I originally shared this chili recipe 10/05/2018. Post has been updated to include more notes, a video, and more helpful information 09/11/2019.
Rebecca
Your chili recipe is the 💣! I started using your recipe last year and it’s the ONLY one I use now. I bake a lot and your recipes are my go to recipes, especially the carrot cake cupcakes!
So happy I found your site!
Linda Hensens
We love a great chili recipe, and I will fix it any time of the year with the exception of the HOT North Carolina summer months, meaning July and August. This year, June has not been very hot or humid, so I didn’t include it in the hottest month category. I did want to ask you though, is it absolutely necessary to use kidney beans and black beans in this recipe? My husband vehemently dislikes both types of beans, and I usually use pinto beans as the beans in my own chili recipe. I put sour cream and extra sharp cheddar cheese in my own chili bowl, but he does not want either of those.. He just started to eat cornbread about 1 year or so ago. He is from the Netherlands, and he prefers yeast breads like baguettes, etc.. I am from North Carolina, born and raised in the South, so eating cornbread is a staple to me, especially with chili beans. The rest of your recipe though sounds really delicious. I have heard of people putting a little cinnamon in their chili to give it a “cooked all day” flavor, but I wasn’t a fan of that when we tried it. I will have to see if I can find ancho chili powder locally. We use dark chili powder for the most part in my chili recipe. I don’t put cayenne in there at all. I find that the chili powder makes the heat just right and the cayenne overpowers it making it too hot (spice wise). I know that leaving some of the ingredients in your recipe out will alter the flavor somewhat, but do you think it will alter it too much? I tend to use 80/20 hamburger meat and I do drain all the grease off of whatever I am using it in. In this case, I would probably brown the hamburger in a different frying pan so that I don’t mess with the bacon drippings that are necessary for the flavor base that you mention. I haven’t ever thought of using bacon in my chili, so I absolutely MUST try that the next time I make chili.

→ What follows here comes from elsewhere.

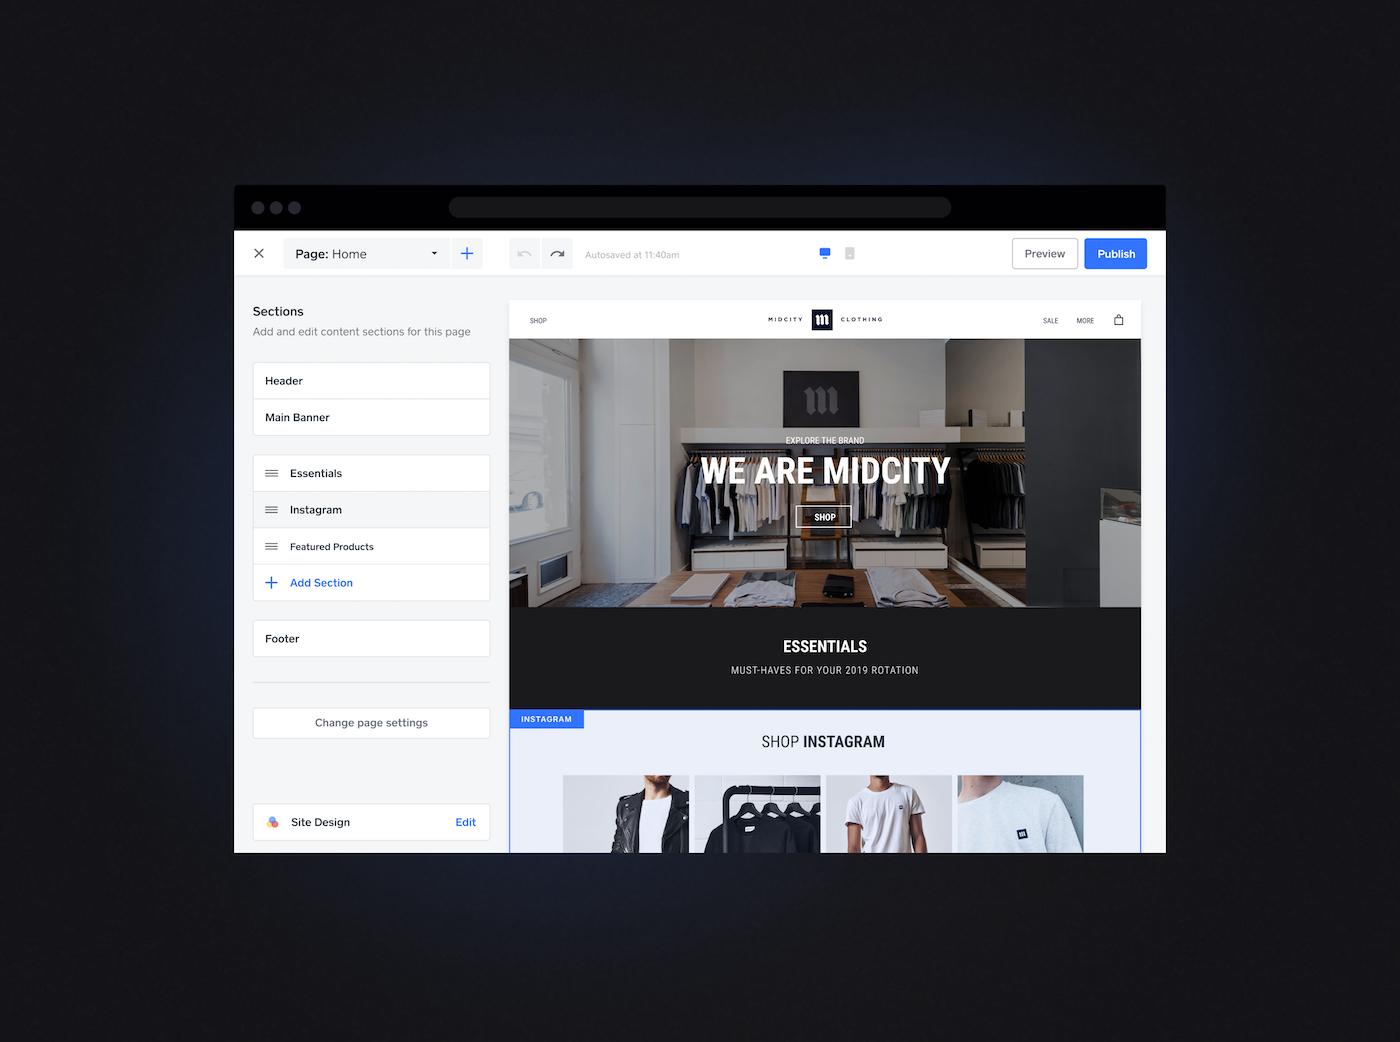 Screenshot of Square ecommerce platform.

I love your recipes as a whole, and the last recipe that I made from your website was that divine lemon blueberry cake that you had on your site around Easter time. I swear, Sam, that cake was absolutely the best cake I have eaten in a really long time!
Emily @ Sugar Spun Run
We’re so happy you’ve enjoyed everything, Linda! You can substitute those beans for another kind that your husband enjoys, no problem. We hope our recipe is a hit for the both of you–enjoy 💙
Sara Mallon
I just won our church chili cook off with this recipe! We’ve eaten it for awhile and love it, and I’m so glad it lived up to it’s name! Thank you!
Emily @ Sugar Spun Run
That’s awesome, Sara!! Thanks so much for using our recipe 😍
Uhura
Very happy with how this turned out! I made slight changes based on what I had at home (dried pinto and canned black instead of kidney beans, fresh heirloom tomato, dried chipotle pepper, hot link instead of bacon, plus a dab of BBQ sauce). Started it off in the instapot on high pressure to cook the soaked dried pinto beans down real soft and finished it on the sauté function on low). Served with my favorite…boxed Jiffy cornbread (added cheddar and corn kernels). Heaven.